For the second picture, hands should not be on the side of the horse's neck. The need to be above the mane at the lower part of the main crest of the neck. The rider also seems to have a turtle back forming.


----------



## Sunny06 (Jun 22, 2009)

Legs. Work on them. Toes up, heels down, don't allow them to slide back.


----------



## ridergirl23 (Sep 17, 2009)

ya what everyone else said... 
haha omg i almost peed myself laughing at that second picture!!! shes holding on for dear life!!! haha that reminds me of when i sent my dressage friend over a 3 foot jump... bahaha they hang on like theres not tomorrow!!!!!!  my poor friends, i torture them alot haha


----------



## Angelhorsegirl (Oct 28, 2009)

If something had happened to her, you would be the one crying because you'd be faced with all sorts of lawsuits.


----------



## charliBum (Jan 7, 2009)

nahh bo, impossible =P

yeah hahahaha im like nah jumping easy peasy nasky, dooo et, silly flat work people haha


----------



## mom2pride (May 5, 2009)

You need to straighten up your leg, and get that heel down and into a better supporting position, but otherwise you look okay. 
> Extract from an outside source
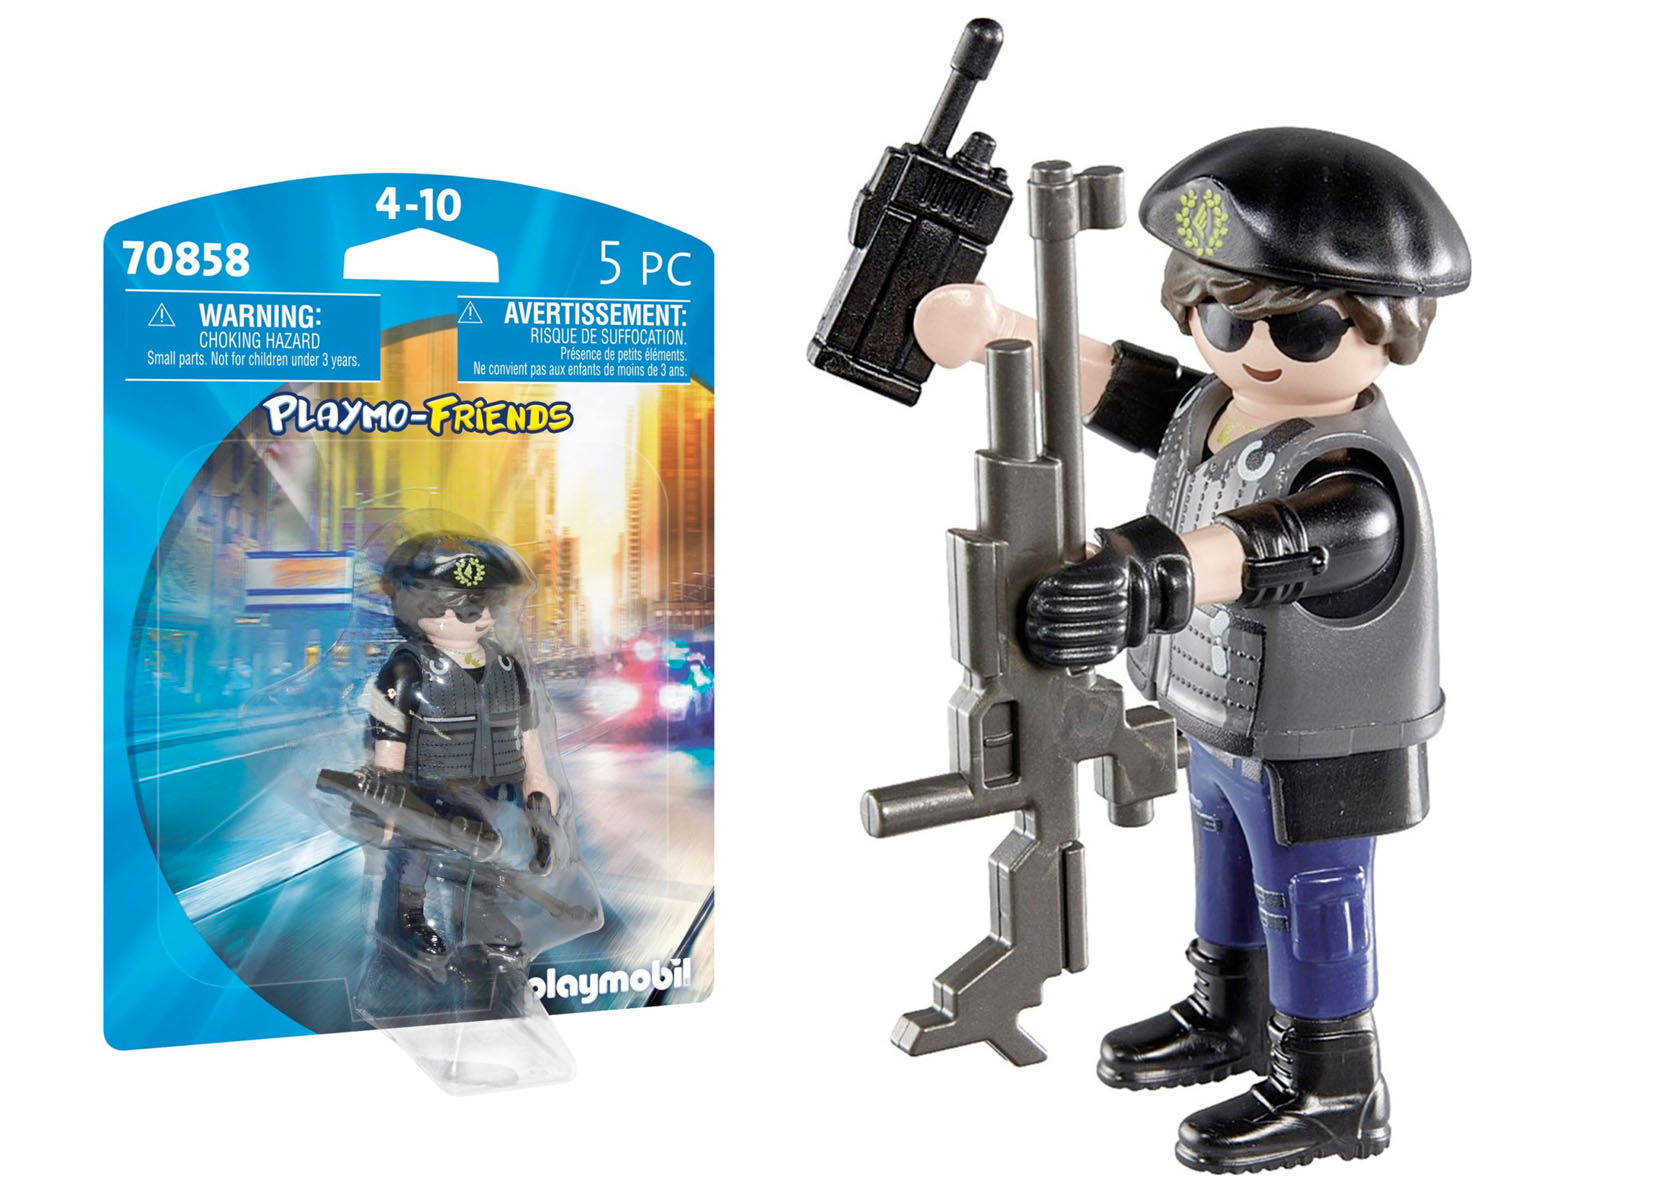 Playmobil 70858 Playmo-Friends Polizist

And yes, that grass makes me jealous...just desert sand here!!!Lol!!!


----------



## charliBum (Jan 7, 2009)

LOL, well that was when we were doing the paddocks for hay, we were the annoying kiddys jumping in the hay paddock.

that grazing is horrible in the winter, non existent.


----------



## flamingauburnmustang (Dec 25, 2008)

That horse was an absolute angel jumping like that for a first timer. Wow. Any of my two horses would have freaked. Well done though. = D


----------



## bubblegum (Oct 6, 2009)

makin tracks said:


> First of all the grass!!! You should not have long green grass like that!! It's just wrong! (I'm jealous, my paddocks are very brown and almost bare at present)
> quote]
> 
> i have grass that long, you need to move to a wetter country like ireland or england. always got great grass but more rain


----------



## xAddictionx (Oct 30, 2009)

Work a lot on no stirrup work. I'd have to see your leg on the flat, but I think your stirrups might be a touch too long. Don't over jump- the fence isn't that big, so keep your bum closer to the saddle and don't get ahead of your horse.


----------



## LoveStory10 (Oct 31, 2009)

For a very first jump, that was brilliant!! Your hand should ideally be above the neck, but really, not bad. The horse must really be a honey to jump that


----------



## charliBum (Jan 7, 2009)

lol my mate is in the first pic, the second is me, ive been jumping for years, it was her first time, and yes, mocha is a great little mare


----------



## jody111 (May 14, 2008)

gotta love nz spring grass 

So which pic is which - haha you got me confused - whose jumping in the long grass?


----------



## flamingauburnmustang (Dec 25, 2008)

charlibum is jumping in the second picture. His friend is the one jumping in the long grass.


----------



## charliBum (Jan 7, 2009)

thank you, I havnt got the best jumping position lol


----------



## flamingauburnmustang (Dec 25, 2008)

I'd say it's very good. Just your hands that should be on your horse's crest, and maybe you should not come out of the saddle that much. = )


----------



## JustDressageIt (Oct 4, 2007)

charliBum said:


> thank you, I havnt got the best jumping position lol


We have been giving you advice for the past .. goodness knows how many months on how to improve.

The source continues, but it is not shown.